INTELLECTUAL PROPERTY 
 Section 11.1. New IP. Except as provided in Section 11.2 of this Agreement, DynCorp shall be the sole and exclusive owner of all Deliverables and Intellectual Property Rights that are
embodied therein (collectively, the “New IP”). COAC shall not have any ownership, license or other interest in any New IP. COAC agrees and acknowledges that, to the extent allowed under applicable law, all works created hereunder
shall be considered to be “works made for hire” as that phrase is defined in the Copyright Act. To the extent any Intellectual Property Rights to such works or that are otherwise included in the New IP would otherwise vest in COAC, COAC
hereby assigns to DynCorp all right, title and interest in and to such Intellectual Property Rights. Title to all New IP shall vest in DynCorp automatically upon creation. To the extent requested by DynCorp, Operations Executive and/or COAC shall
sign, execute, and acknowledge or cause to be signed, executed, and acknowledged without cost, but at the expense of DynCorp, any and all documents and shall perform such acts as may be necessary, useful, or convenient for the purpose of securing to
DynCorp or its nominees, patent, trademark, or copyright protection throughout the world upon all such New IP. 
 Section 11.2.
COAC Ownership. COAC shall retain full, sole and exclusive ownership of all inventions, works or other materials or ideas that have been or are created, conceived or reduced to practice by COAC prior to, after or independently of the
services provided under this Agreement and all Intellectual Property Rights that are embodied therein (collectively, the “Background IP”). To the extent any Background IP is incorporated into any Deliverable, COAC hereby grants
DynCorp a non-transferable, non-exclusive, royalty-free, worldwide license to such Background IP to use the Deliverable. Unless COAC notifies DynCorp in writing of the incorporation of any Background IP in a Deliverable, neither DynCorp nor its
assignees shall have any liability to COAC for use of such Background IP. 
 ARTICLE XII 

REPRESENTATIONS AND WARRANTIES; DISCLAIMER 
 Section 12.1. Representations and Warranties. 
 (a) Each Party hereby
represents and warrants that, as of the Effective Date and at all times thereafter (i) each Party has the legal authority to execute and perform this Agreement, (ii) this Agreement constitutes a valid and binding obligation enforceable
against such Party according to its terms and (iii) the execution and delivery of this Agreement does not, and the performance by each Party of its respective obligations hereunder shall not, with or without the giving of notice or the passage
of time, or both (x) violate any judgment, writ, injunction, or order of any court, arbitrator, or governmental agency applicable to such Party, (y)

  
 15 

 
conflict with, result in the breach of any provisions of or the termination of, or constitute a default under, any agreement (including, without limitation, any confidentiality, non-solicitation,
non-competition or similar agreement) to which the representing Party is a party or by which it may otherwise be bound or (z) violate or conflict with any of the representing Party’s Governance Documents. 
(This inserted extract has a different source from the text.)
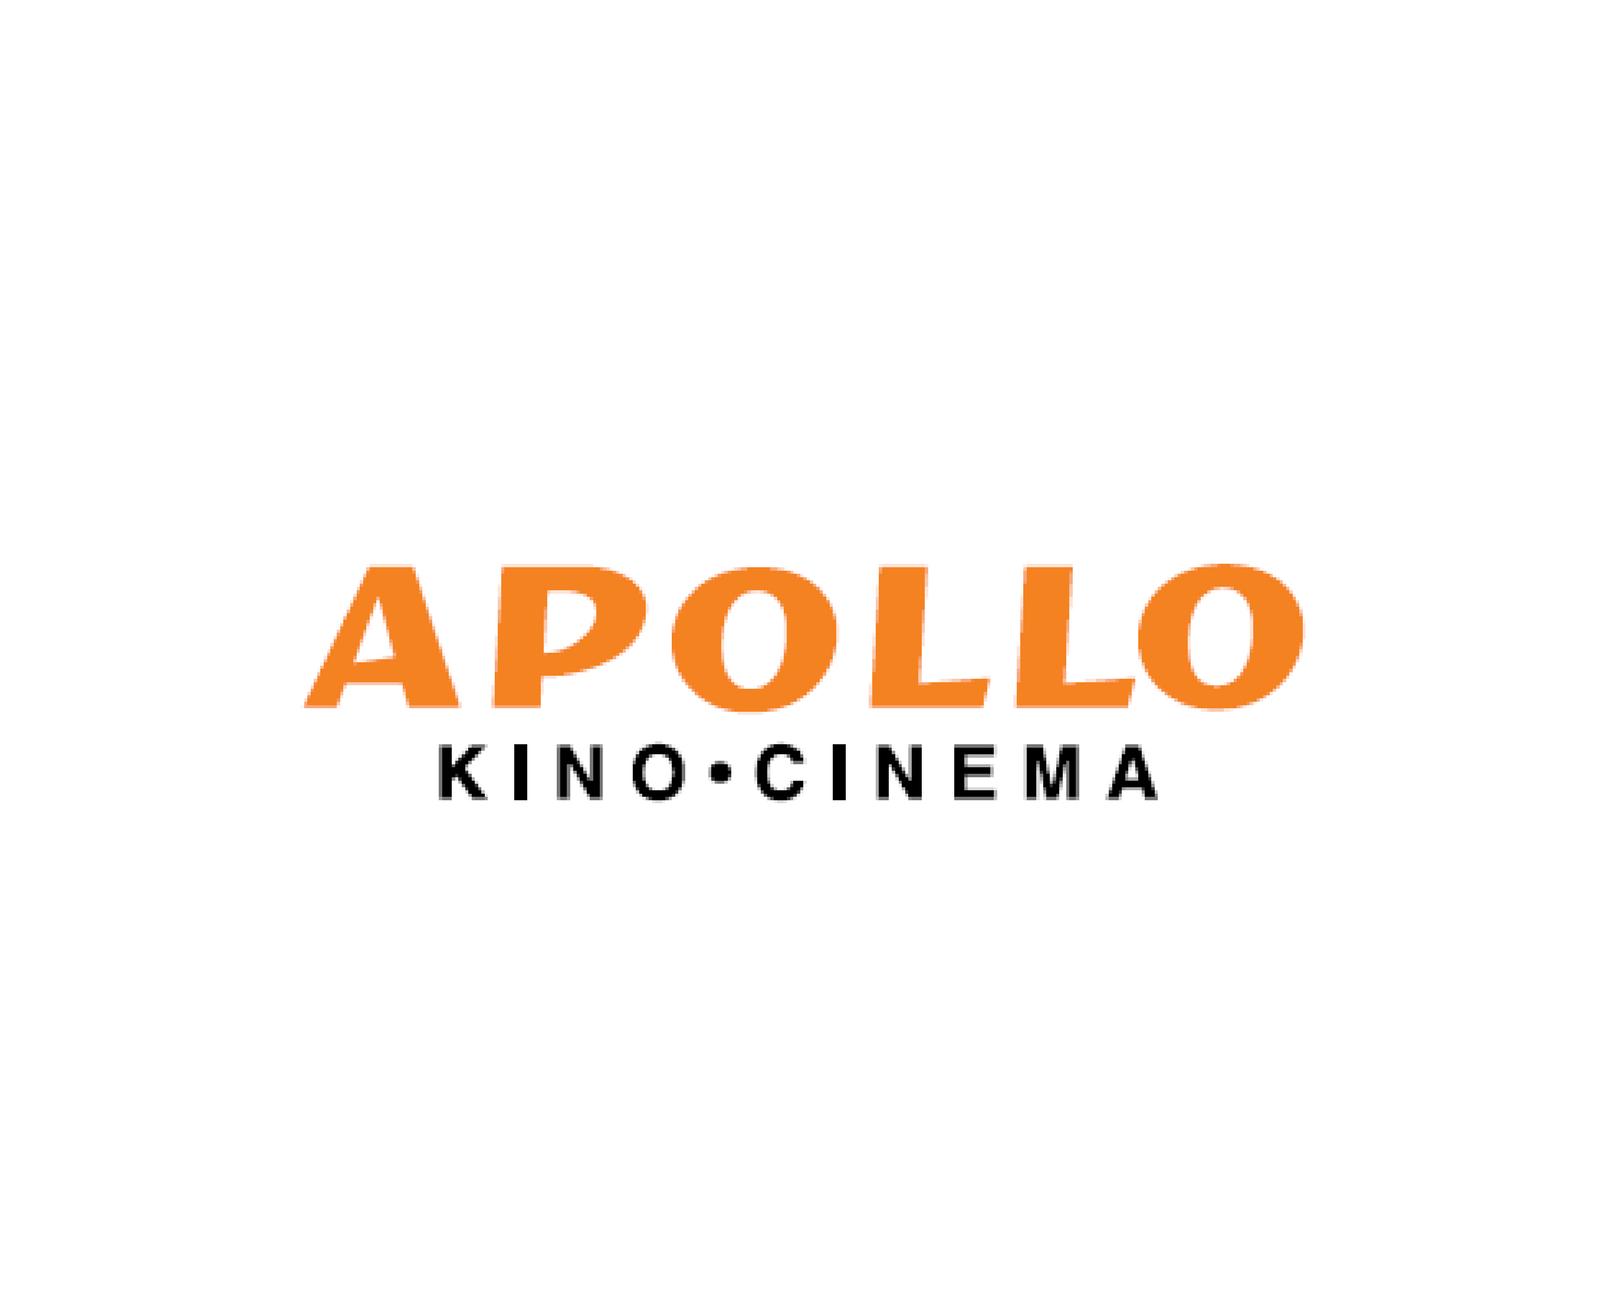 Apollo kino

(b) DynCorp hereby represents and warrants to COAC that, as of the Effective Date and at all times thereafter (i) the execution and
delivery of this Agreement and each Engagement Letter and the performance of DynCorp’s obligations hereunder and thereunder shall have been approved in all respects by the independent members of DynCorp’s Governance Board or, in the
absence of such independent members, by such other members of DynCorp’s Governance Board as have been charged with reviewing and approving transactions between or among DynCorp and Affiliated entities. 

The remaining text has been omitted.